Problem.
Return, exactly and with nothing added, the line with "Worksheet About Adjective For Kids" together with all lines after it through the end of the data below. No pictures belong in the copy.

Data shown.

----

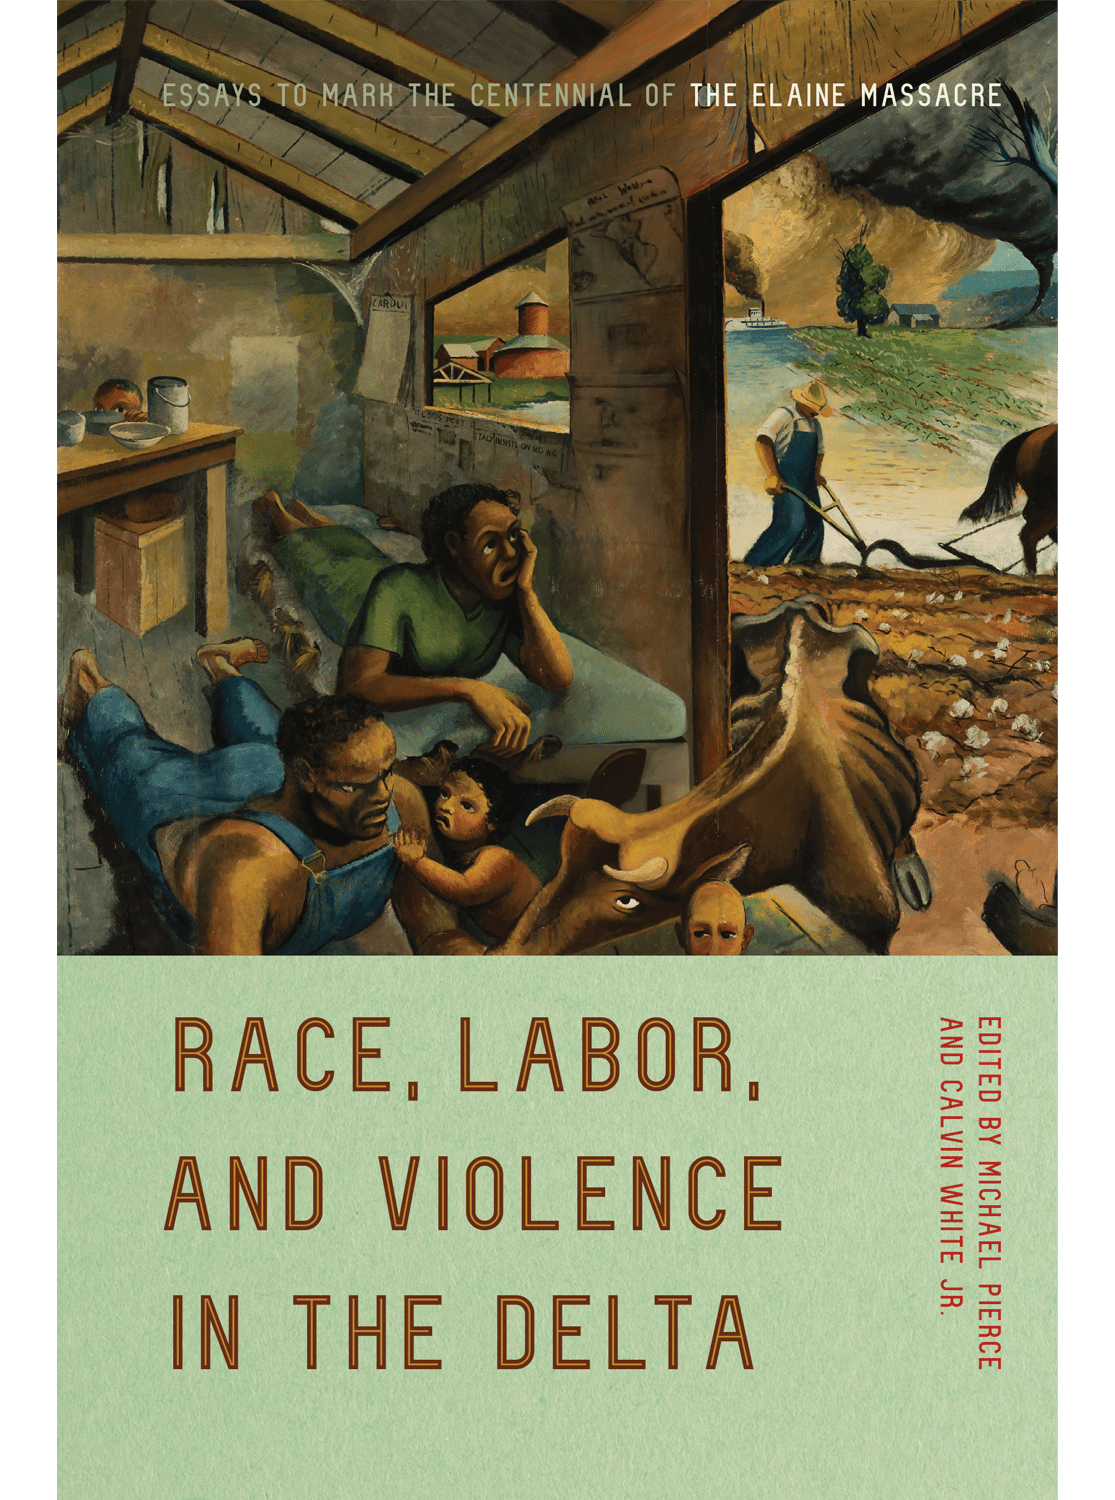 Race labor and violence in the delta book cover
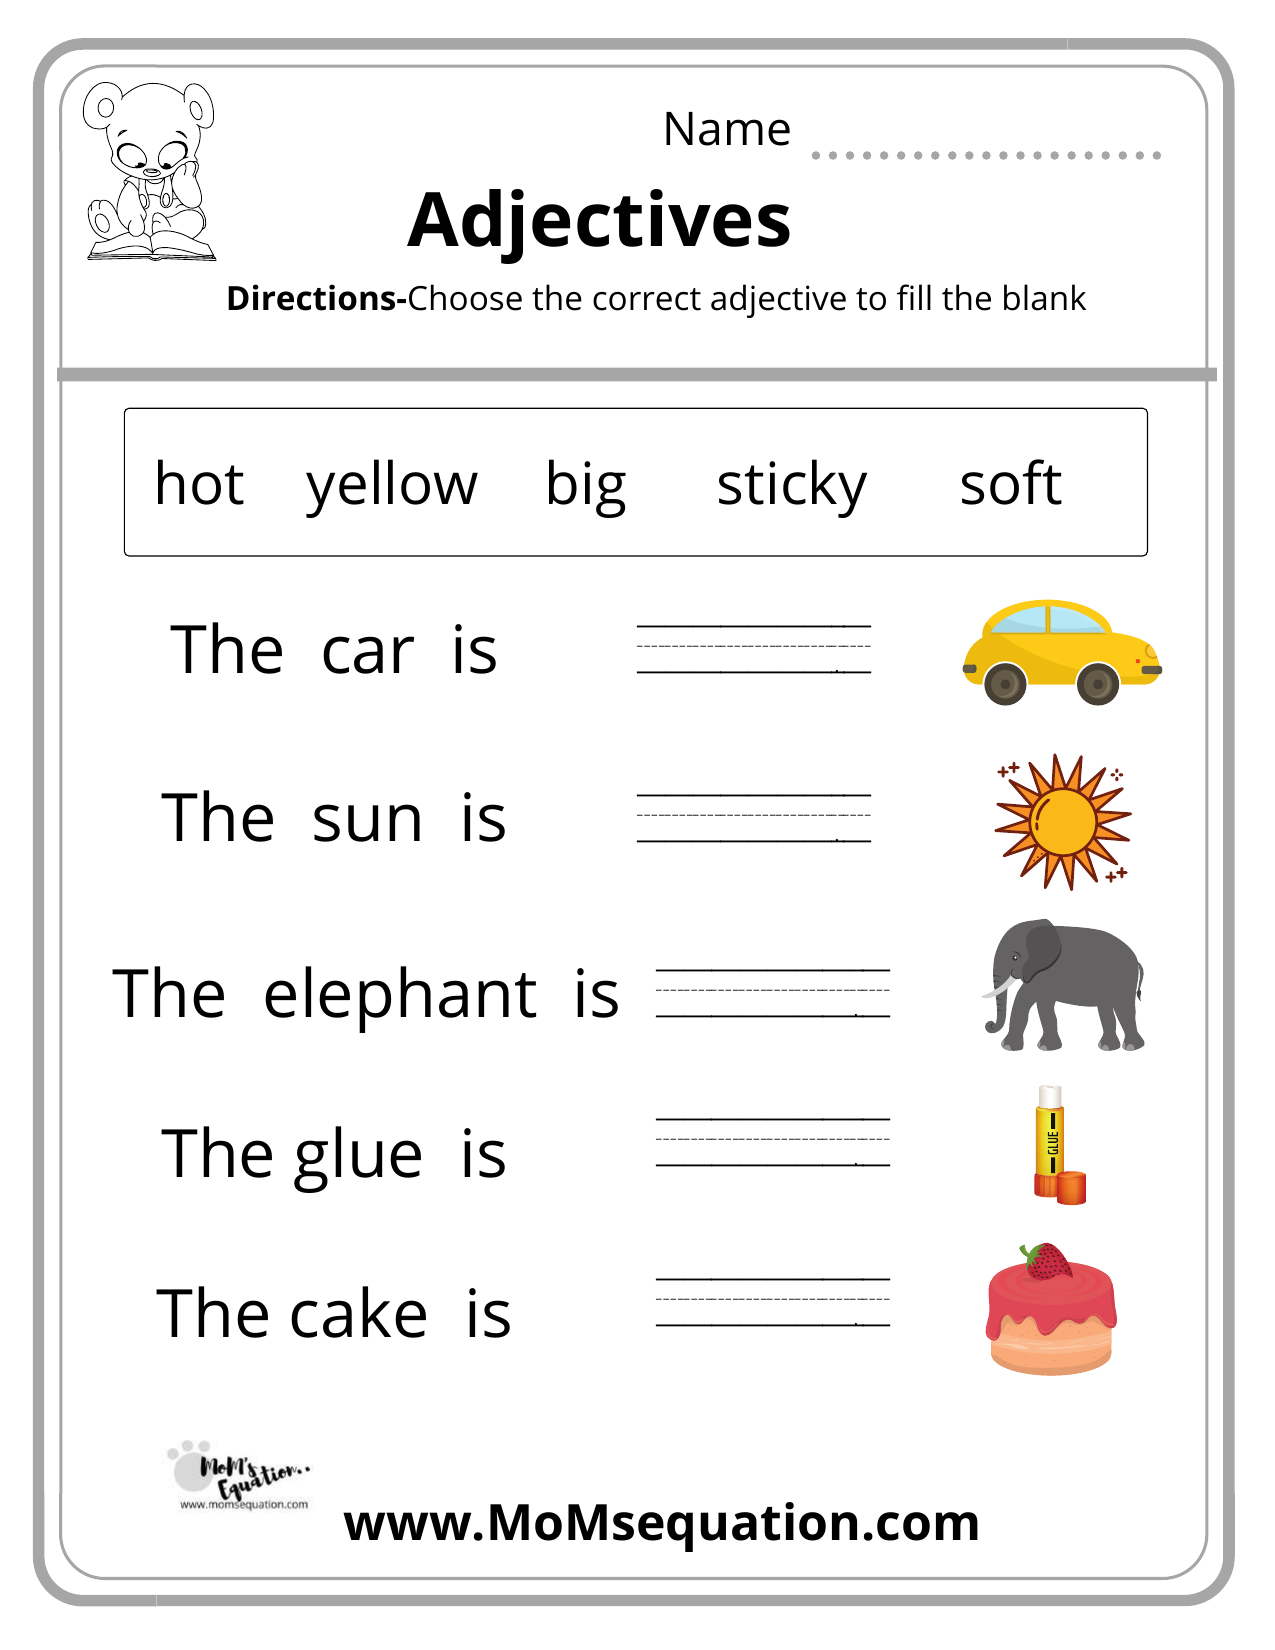 Worksheet About Adjective For Kids
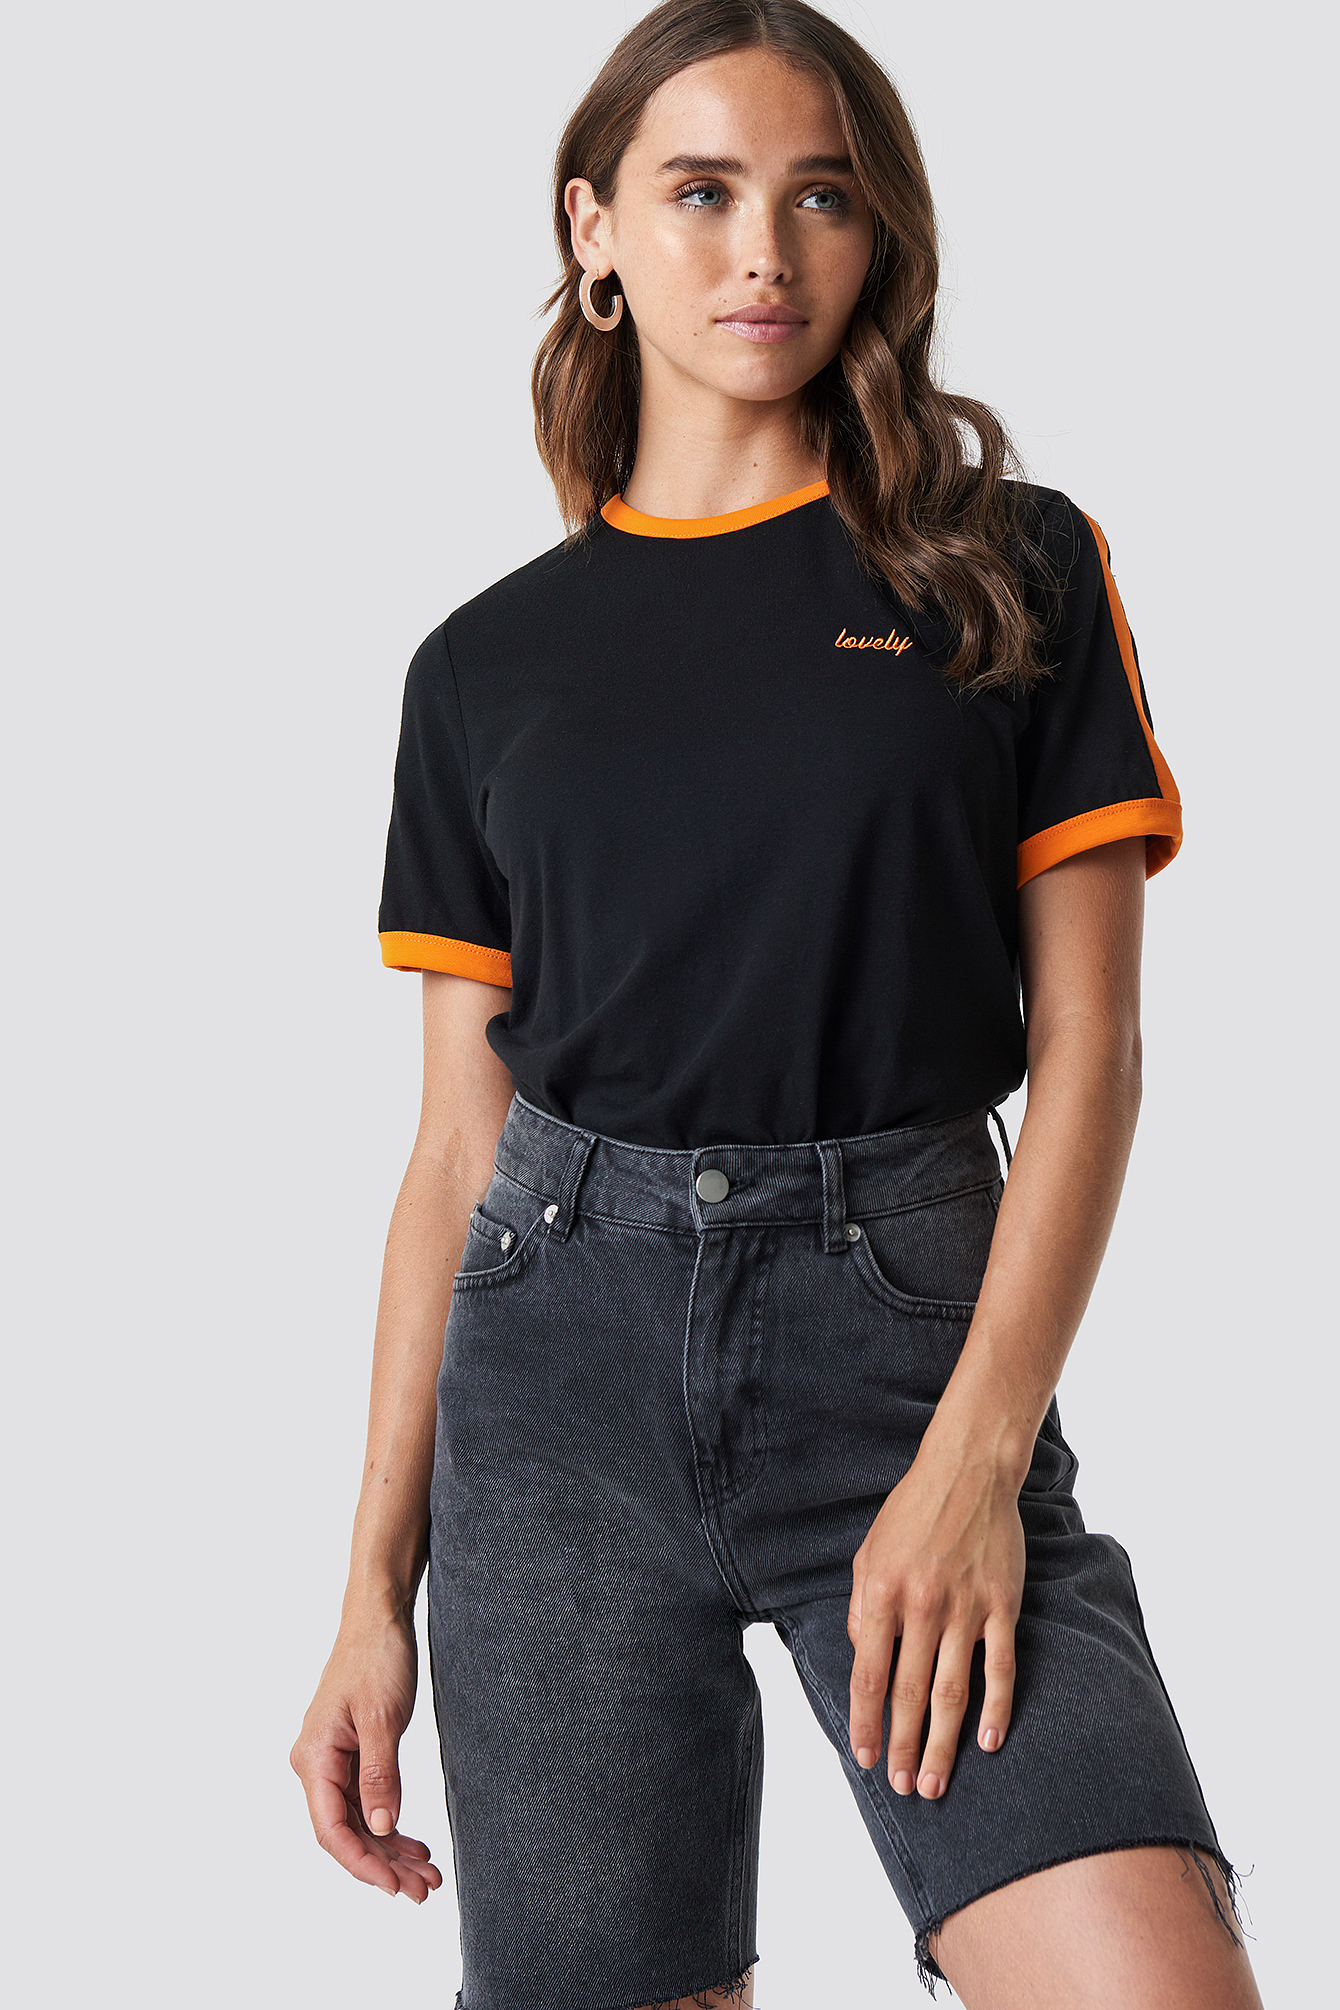 Black NA-KD Lovely Embroidery Tee

----

Your solution.
 Worksheet About Adjective For Kids
 Black NA-KD Lovely Embroidery Tee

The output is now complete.